Methods and kits are disclosed for simultaneously amplifying target sequences from Salmonella spp. and E. coli O157: H7 in a sample.

Salmonella, a rod-shaped, Gram-negative Enterobacteria is closely related to the Escherichia genus and can be found worldwide in warm- and cold-blooded animals, including humans. Salmonella causes diseases such as typhoid fever, paratyphoid fever, and the food-borne illness, salmonellosis.

E. coli O157:H7, an enterohemorrhagic strain of Escherichia coli, also causes food-borne illness, resulting in hemorrhagic diarrhea in children and the elderly, which can lead to kidney failure.

Methods of detecting Salmonella spp. and E. coli O157: H7 in samples can be quite cumbersome and time consuming to implement because an initial pre-enrichment is usually required to increase the bacterial concentration (typically 105 CFU/ml) to a level that can be detected by immunoassay.

An increasingly viable alternative to immunoassays are diagnostic kits based on PCR detection of bacterial nucleic acids. Specifically, there is an on-going need for user friendly, accurate kits for the simultaneous PCR detection of Salmonella and E. coli O157: H7 infection.

SUMMARY

Methods and kits are described for the rapid, simultaneous and quantitative real-time PCR detection of Salmonella and E. coli O157: H7 nucleic acid sequences in a biological sample.

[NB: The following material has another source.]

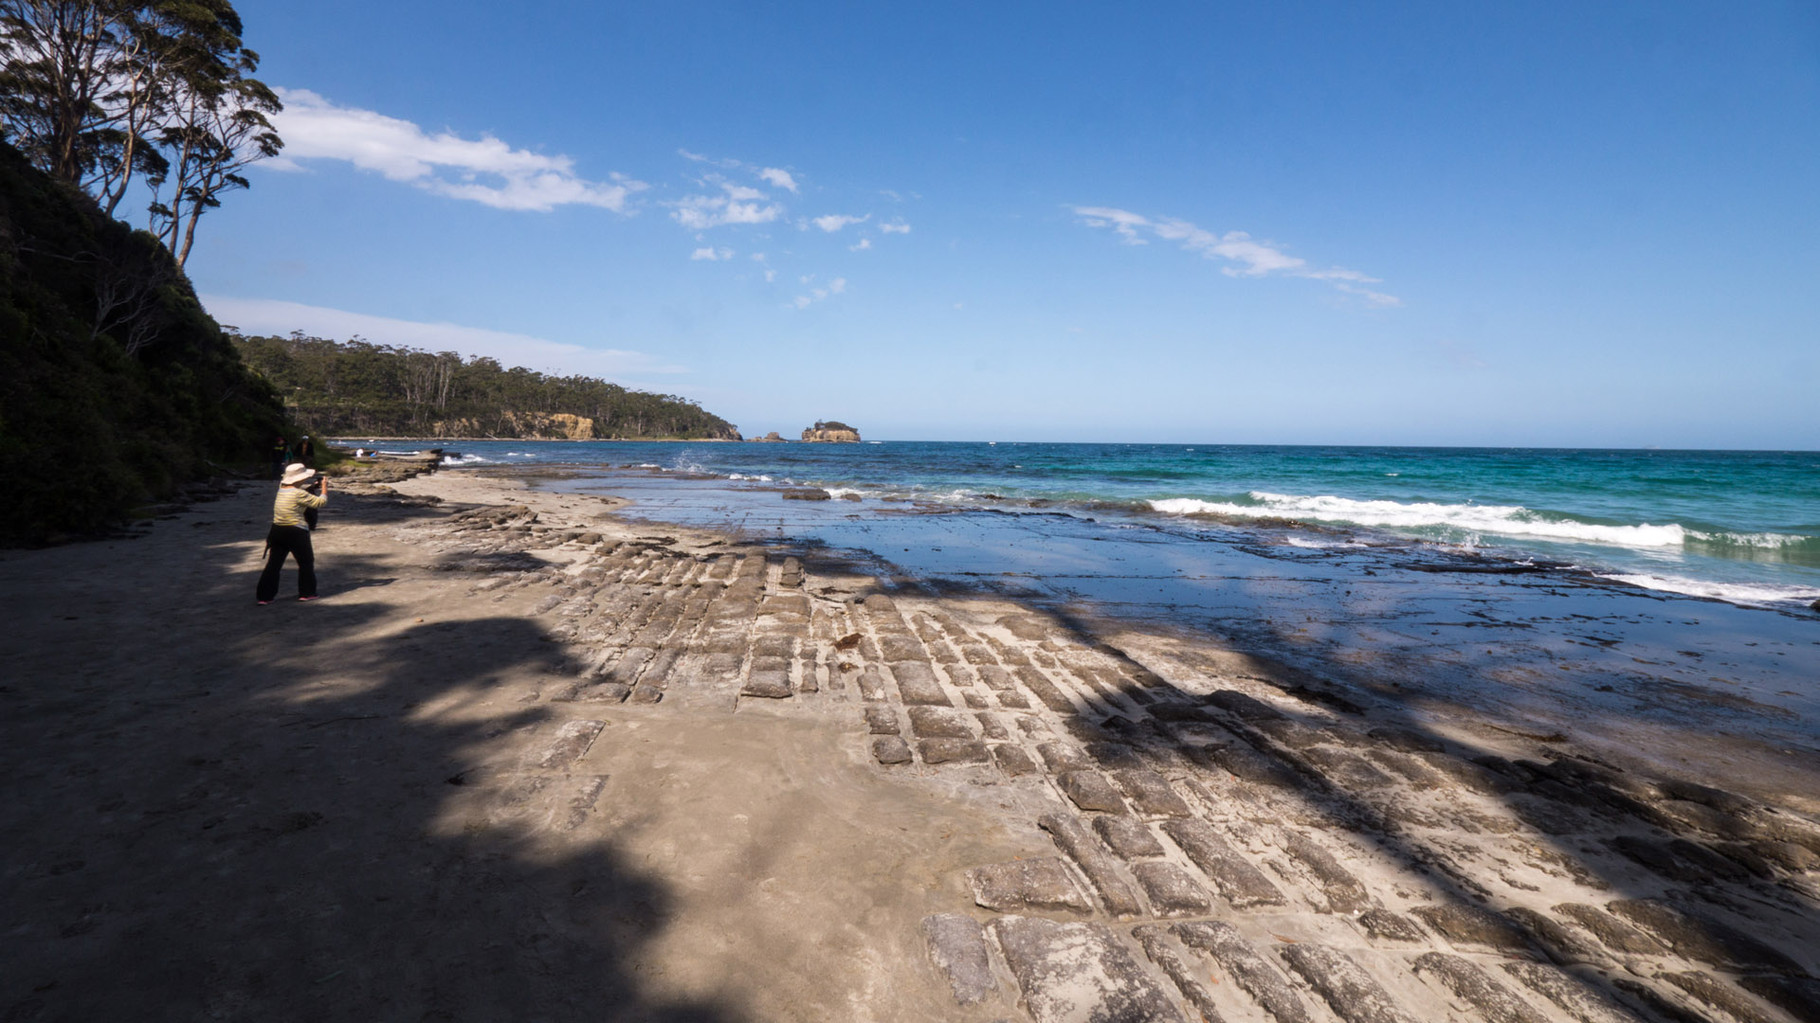 Tassellated pavement beach (all natural), near Eaglehawk Neck

The procedure promises to facilitate the high throughput detection of Salmonella spp. and E. coli O157: H7 in a cost effective and reliable manner.

In one embodiment, a method is disclosed for the simultaneous detection of both Salmonella spp. and E. coli O157: H7 in a sample comprising the steps of providing a sample to be tested for the presence of Salmonella spp. and E. coli O157: H7, providing a pair of Salmonella-specific forward and reverse amplification primers that can anneal to a Salmonella-specific target DNA and a pair of E. coli O157: H7-specific forward and reverse amplification primers that can anneal to a E. coli O157: H7-specific target DNA, amplifying a PCR fragment between the first and second Salmonella-specific amplification primers and a PCR fragment between the first and second E. coli O157: H7-specific amplification primers in the presence of an amplifying polymerase activity and amplification buffer, wherein the concentration of the amplifying polymerase is equal to or higher than 0.1 unit/μl, and detecting the Salmonella-specific and E. coli O157: H7-specific PCR amplification products, wherein the detection of PCR amplification products indicates the presence of Salmonella and E. coli O157: H7 in said sample.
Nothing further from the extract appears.